Preliminary design and performance assessment of a semi-autonomous global navigation satellite system on Mars

Abstract

Over the last decades, several space agencies have increased their efforts in the design of future missions to Mars. To assist the operations of the upcoming missions, an infrastructure to support their navigation needs would be highly beneficial. In this scenario, we propose a configuration for a Martian navigation satellite system which ensures continuous and global positioning and timing services to users located everywhere on the planet and its vicinities, such as orbiters, rovers, and landers. We outline the constellation selection process and identify a suitable configuration of the system.

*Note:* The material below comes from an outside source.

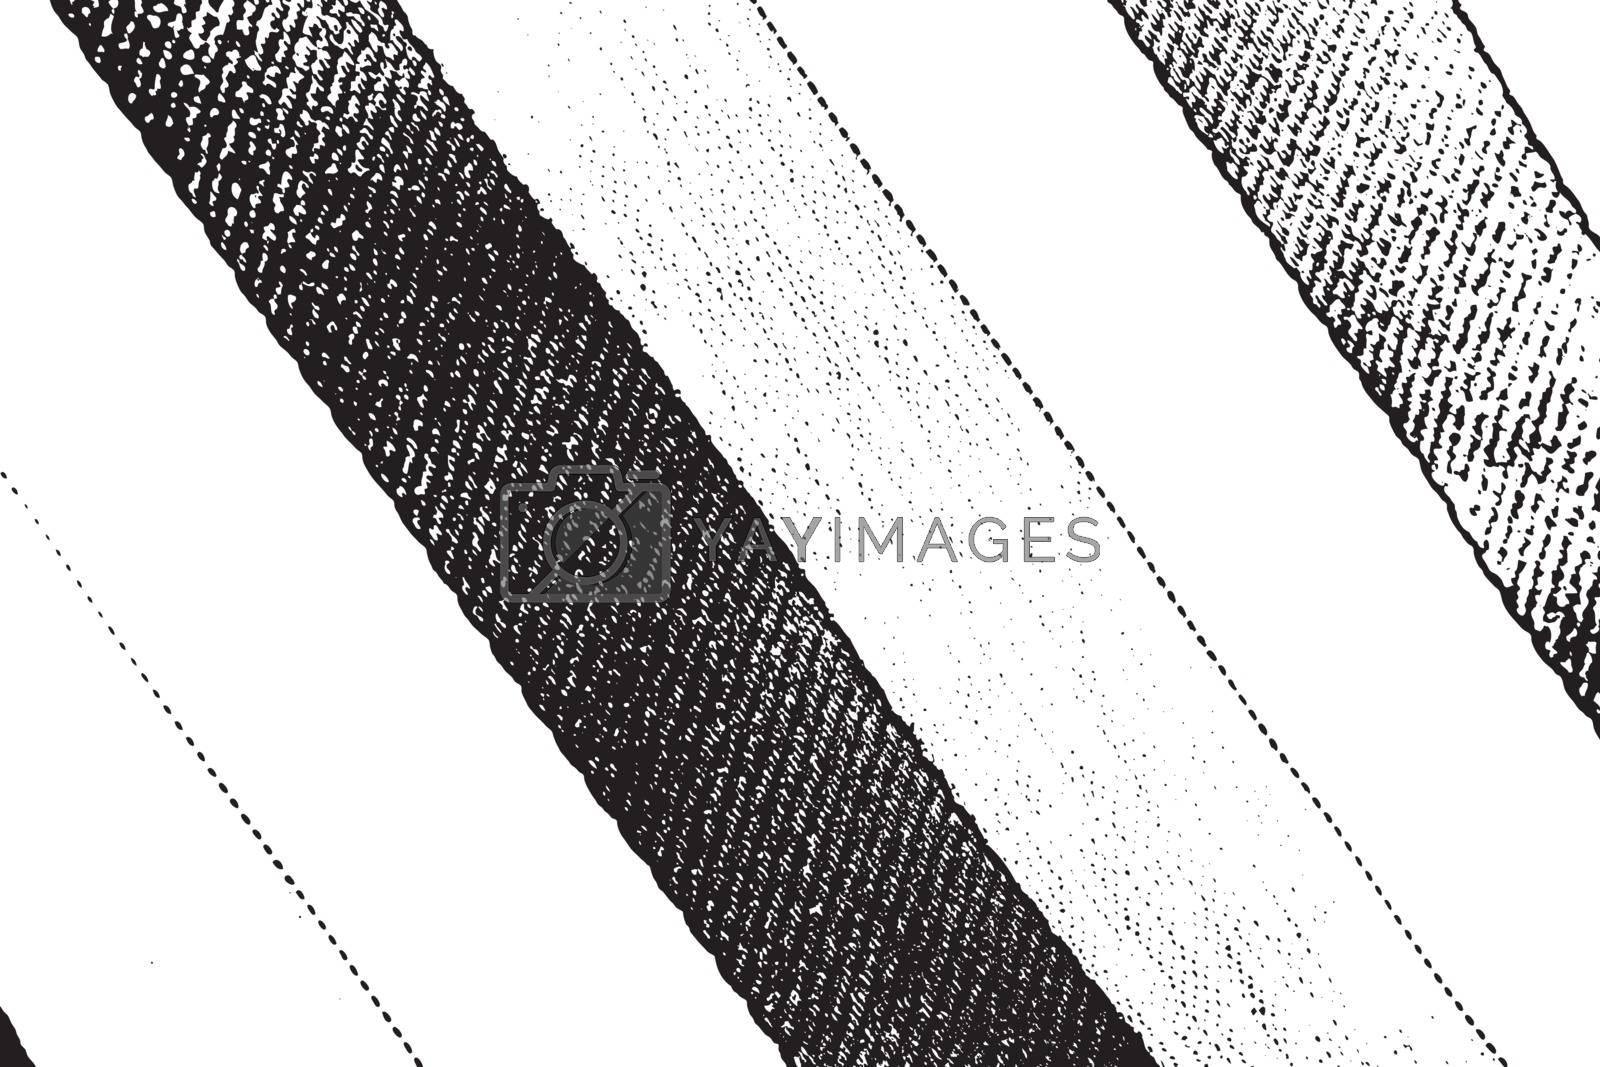 Vector Cracked Texture . Distress Texture . Grunge Texture . Vector Dirt Texture . Overlay Texture

The novel aspect of the proposed architecture consists in the use of intersatellite links between the constellation nodes, able to provide extremely accurate Doppler measurements and good positional accuracy in the known gravity field of the planet. Thanks to the intersatellite links, the need for ground support from Earth can be strongly reduced. To assess the performance of this configuration, a simulation of the orbit determination process of the constellation nodes is performed. Our results suggest that satellites can be positioned with respect to Mars with an accuracy at the level of 15 m with limited support from Earth. Finally, we evaluate the positioning performance of the end users located on the Martian surface. We show that a positioning accuracy as low as 20 m can be achieved (1-σ, 90 % of the time) with the proposed constellation.